We'd reconstruct what happened, but the data was fragmented. The complete picture only existed in our heads, after we'd manually reassembled the pieces.

And that's the easy case. In production the log streams are full of interleaved sessions, so any investigation that starts with "something broke yesterday" instead of "3:42pm" was much worse: a day's worth of lines to search and scroll, hoping to spot the right one.

Why per-line logging stops working

Per-line logging worked for us for a long time. It's cheap to add, easy to read when one service's logs fit on a screen, and the natural response to a hard investigation is to add more of it. The trouble is each line is one engineer, at one moment, verifying one thing: console.log("created project", projectId). Across many such lines from different authors, with no shared schema, the picture you build stays fragmentary.

A single user action fans out through a route handler, a workflow trigger, a queue, a worker, and a sequence of tasks. Each emits its own log lines. A deploy is one thing in our heads, thirty fragments in the logs. logger.info("processing user " + id) is fast to write and fine to tail, but useless for asking "show me every deploy that failed for this org this week," because that question wants fields, not strings.

What we wanted instead

One unified view per event that happened, with all the context attached:

per-line logs

one wide event

{

"service": "web",

"user.id": "user_456",

"organization.id": "org_789",

"auth.method": "session",

"auth.outcome": "verified",

"trace.id": "0af7…"

}

An event being a boundary action: a user clicking apply on a deploy, a webhook arriving, a cron firing, an automation kicking off. It fans out into sub-events, the units of work that carry it: an HTTP request, a server action, a workflow task. We emit one wide event per sub-event, with fields accumulating throughout its lifetime: nested objects grouped by domain (user, organization, environment, stripe), counters, durations, outcomes, error details.

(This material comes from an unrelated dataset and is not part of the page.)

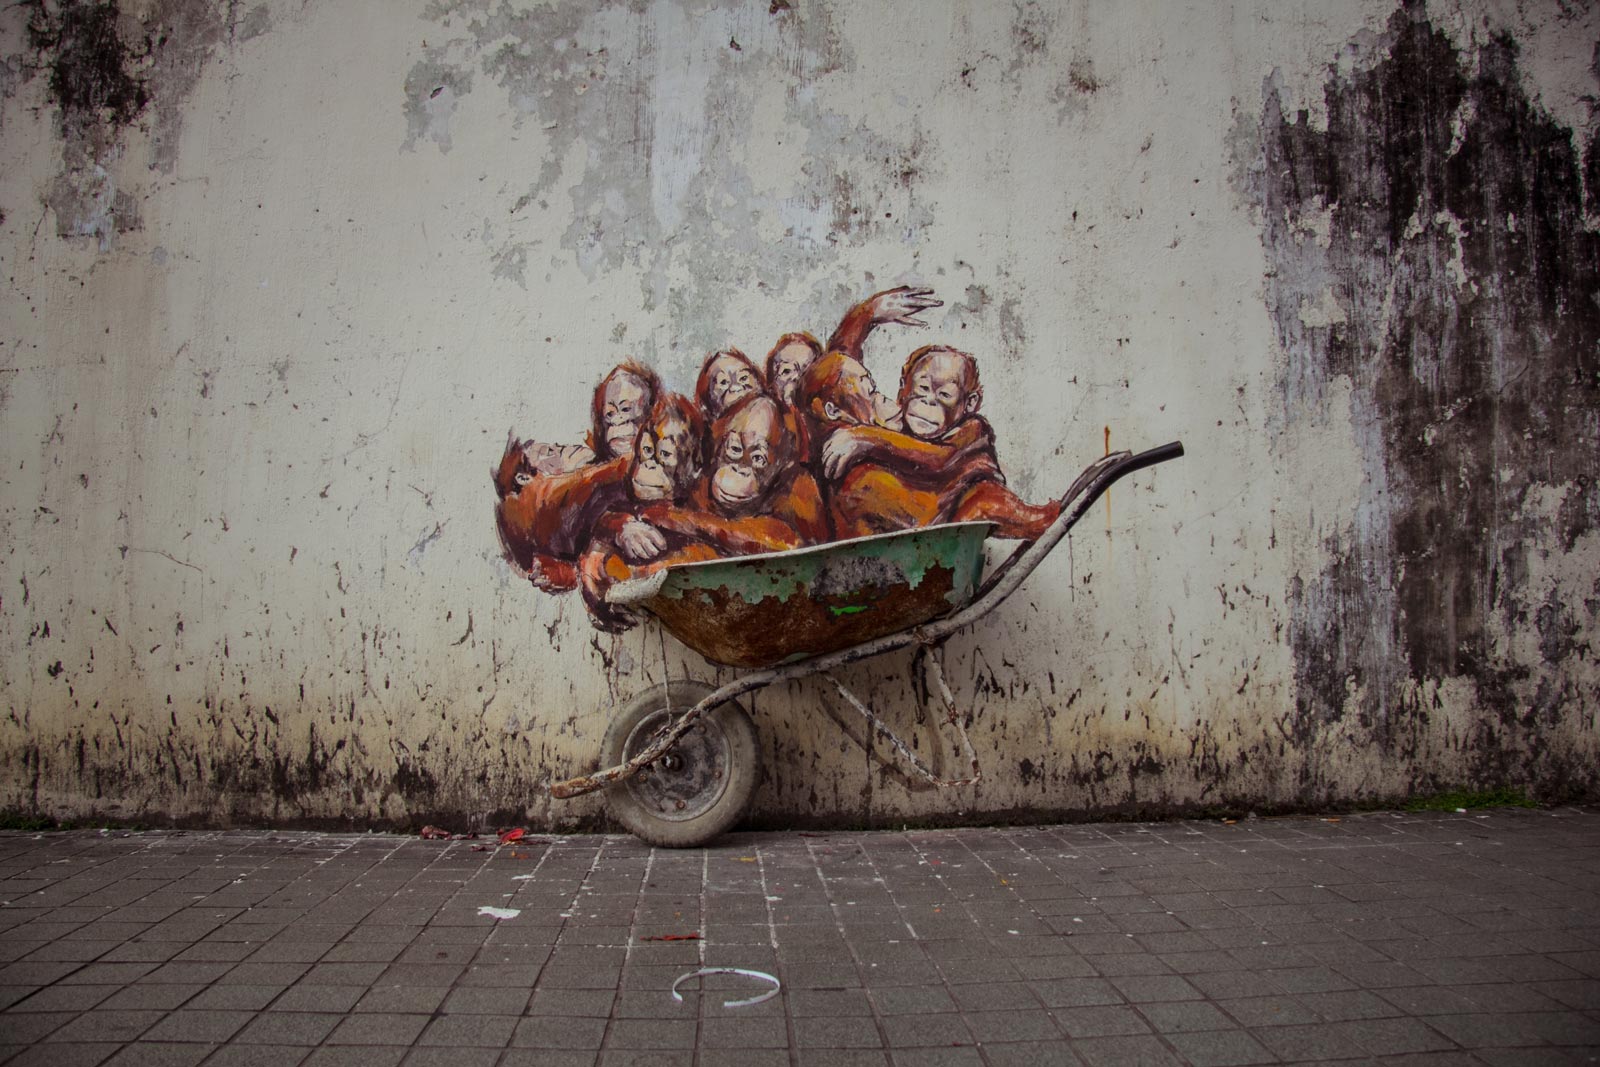 Ernest Zacharevic, A Curate's Egg

The query is now a filter-and-group in place of a grep. You can run one query against one table: every failed deploy this week, by organization. Anything we want to filter or group by goes directly on the event, including fields that are unique per request like requestId or user.id. Nothing is rolled up until query time.

The pattern isn't ours, Boris Tane's loggingsucks.com is the strongest recent argument for wide events. Honeycomb and Charity Majors have also been making the case for one-event-per-unit-of-work for years. What's worth talking about is what we learned retrofitting the idea into a TypeScript codebase that grew up on console.log.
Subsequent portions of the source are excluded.